When the unit dumping load leads to hydraulic fluctuations, at this time the operating unit, if another rapid large load adjustment, will make the two hydraulic fluctuations superimposed effect. If the worm shell pressure drops to the valley or peak point when another machine is added or reduced in load, it will exacerbate the magnitude of the original hydraulic fluctuations. In the snail shell pressure fluctuation cycle, you can observe the snail shell pressure changes, according to the hydraulic fluctuations of staggered load increase or decrease in order to realize the peak and fill in the valley, that is: the snail shell pressure to reduce the valley point or peak point when the corresponding reduction or load, can also slowly increase the load.

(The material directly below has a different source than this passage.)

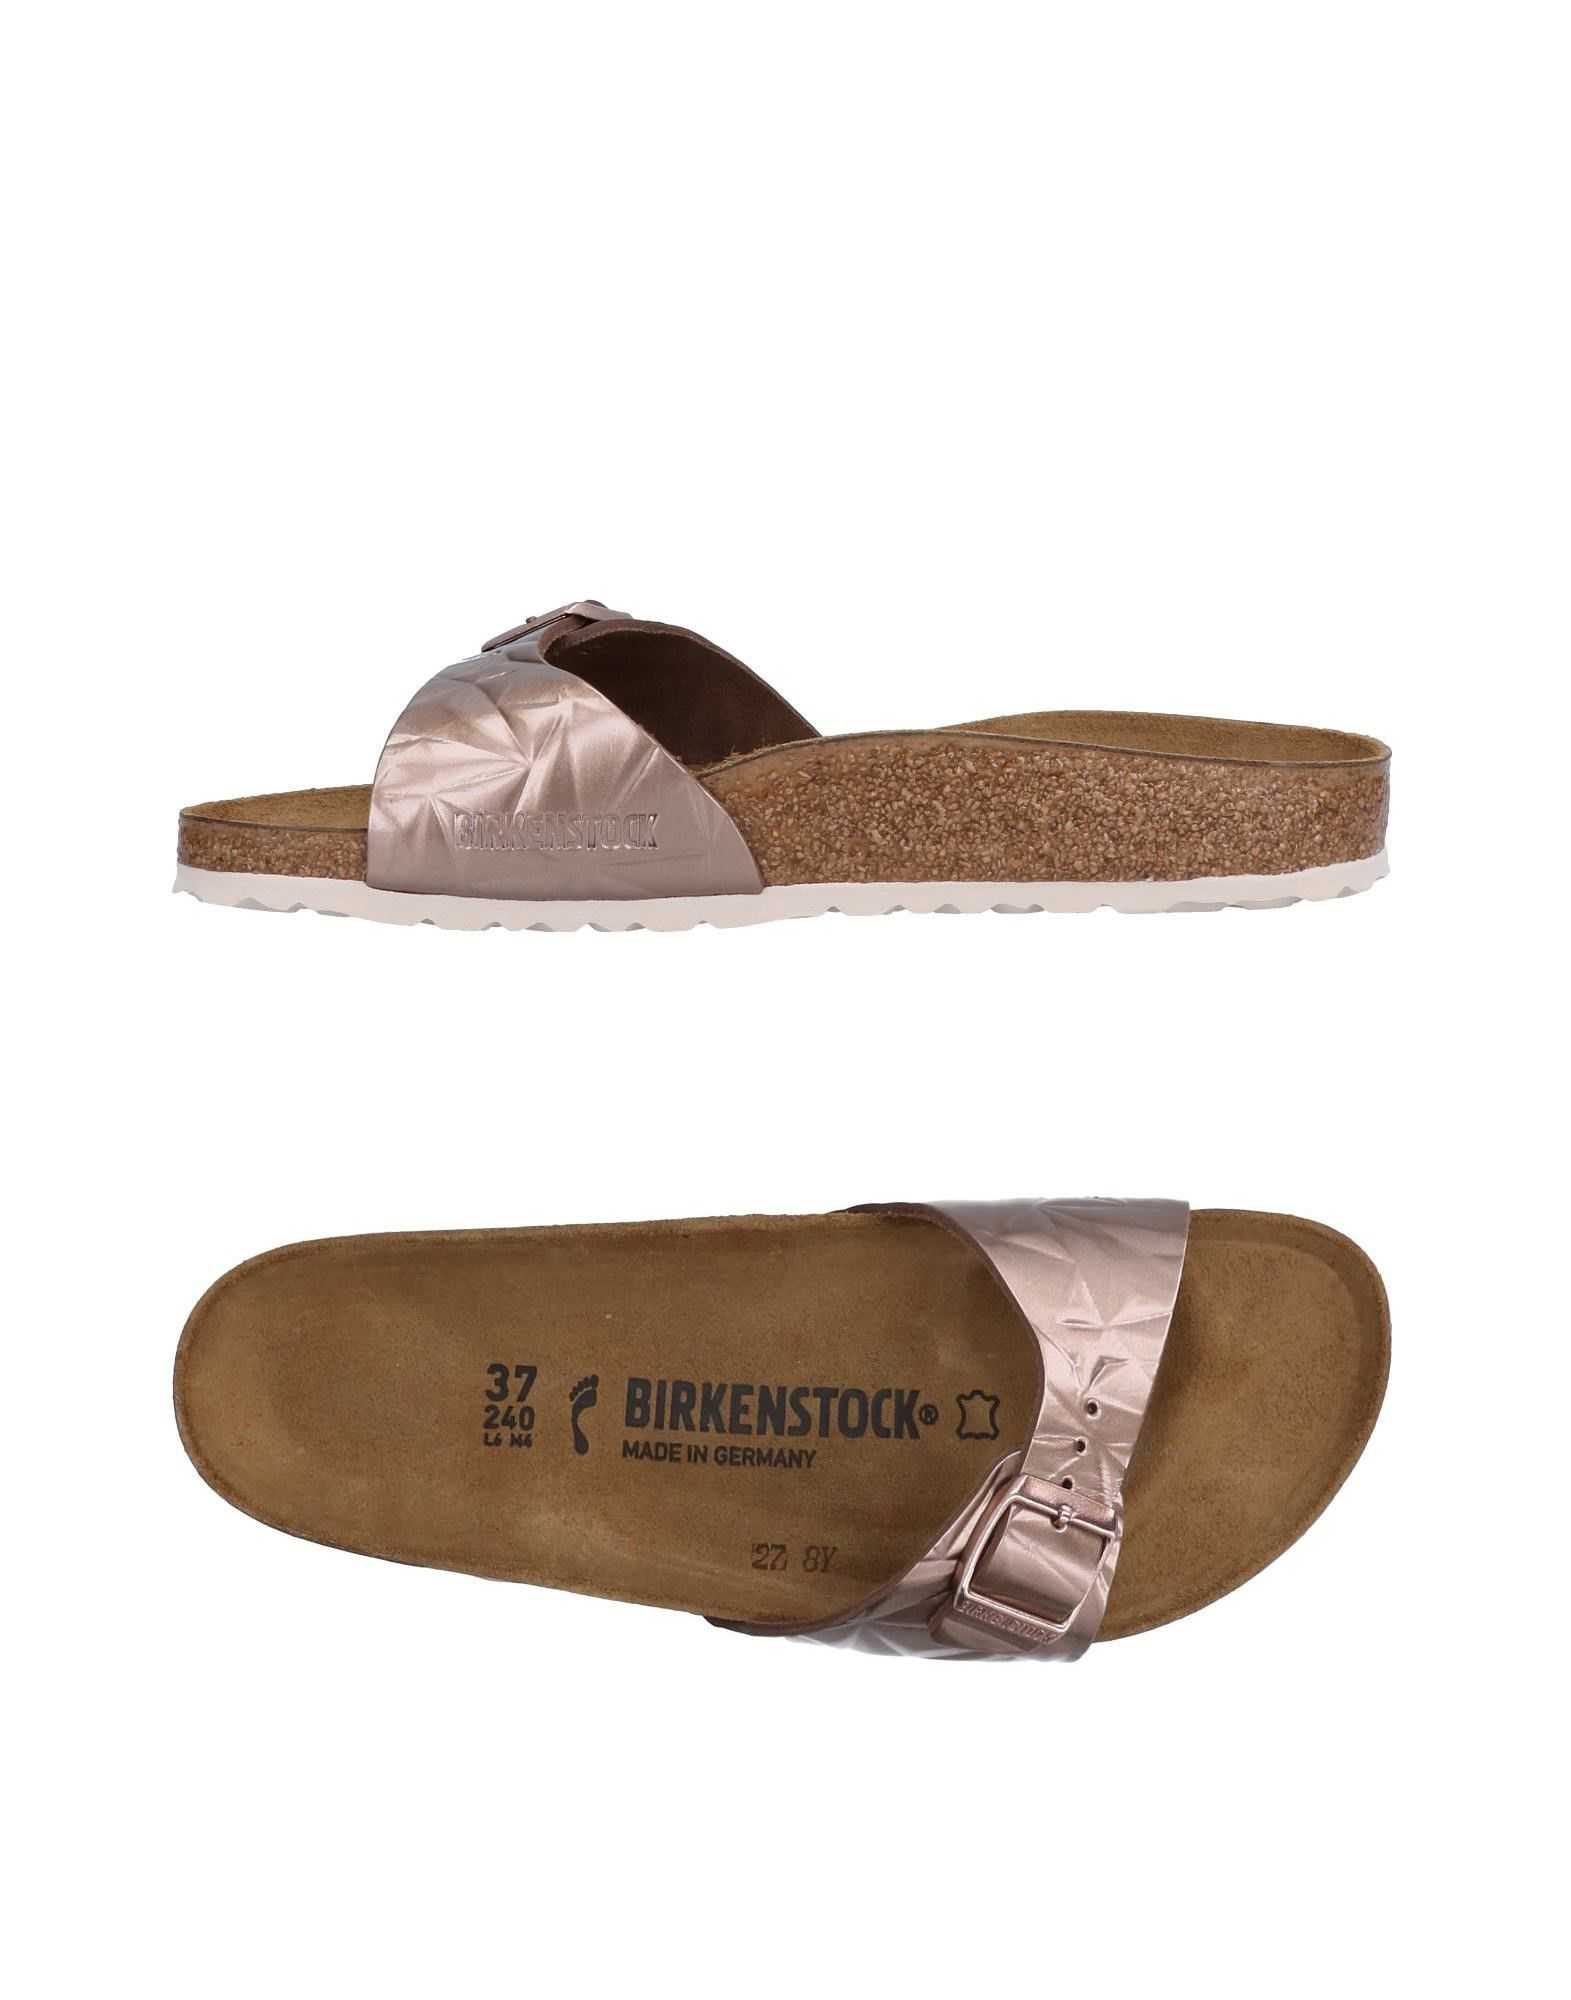 Birkenstock Sandals Sandals - Women Birkenstock Sandals Birkenstock online on  United Kingdom - 11507664NL c53a25

According to the hydraulic fluctuation statistics under the load shedding condition of one machine, the maximum amplitude occurs when the unit is shedding full load, which is directly proportional to the size of the load shed by the unit. However, the same hydraulic unit two machines at the same time to throw off the load conditions, the maximum amplitude does not necessarily occur in the case of the maximum load, there should be a load range will produce the maximum amplitude of the spike, which needs to be followed by simulation tests to prove. The test results should be taken into account in the load distribution of the unit, and the unit output should be avoided during this load range as much as possible.
In this paper, on the basis of analyzing the characteristics of distribution load fluctuation law, we use segmented linear regression method to study the impact of load fluctuation in distribution load operation, and put forward targeted control strategies accordingly. It is found that the general daily load curve has “morning peak” and “evening peak”, “morning peak” peaks around 08:20 to 08:30, “evening peak” peaks around 08:30. The “evening peak” peaks at around 18:00 to 19:00, and then the load gradually decreases and reaches a trough at around 04:30 in the morning. The emergence of the morning and evening peaks coincides with people’s living patterns and working hours, and will be nudged with seasonal changes. The trend and magnitude of load fluctuations from Monday to Friday are relatively close, and the load on weekends is significantly lower than that on weekdays. It is worth noting that, although the method in this paper can realize simple and fast quantification of load fluctuation under general working conditions, it is unable to quantify comprehensive load fluctuation of dynamics when facing different internal disturbances, different human behaviors and different events. Therefore, this method is only applicable to the scenario that the operating conditions of distribution points do not change much throughout the year, and the operation managers can quickly quantify the power load fluctuations based on forecasts, historical system operation data and empirical formulas to accomplish reasonable decision-making.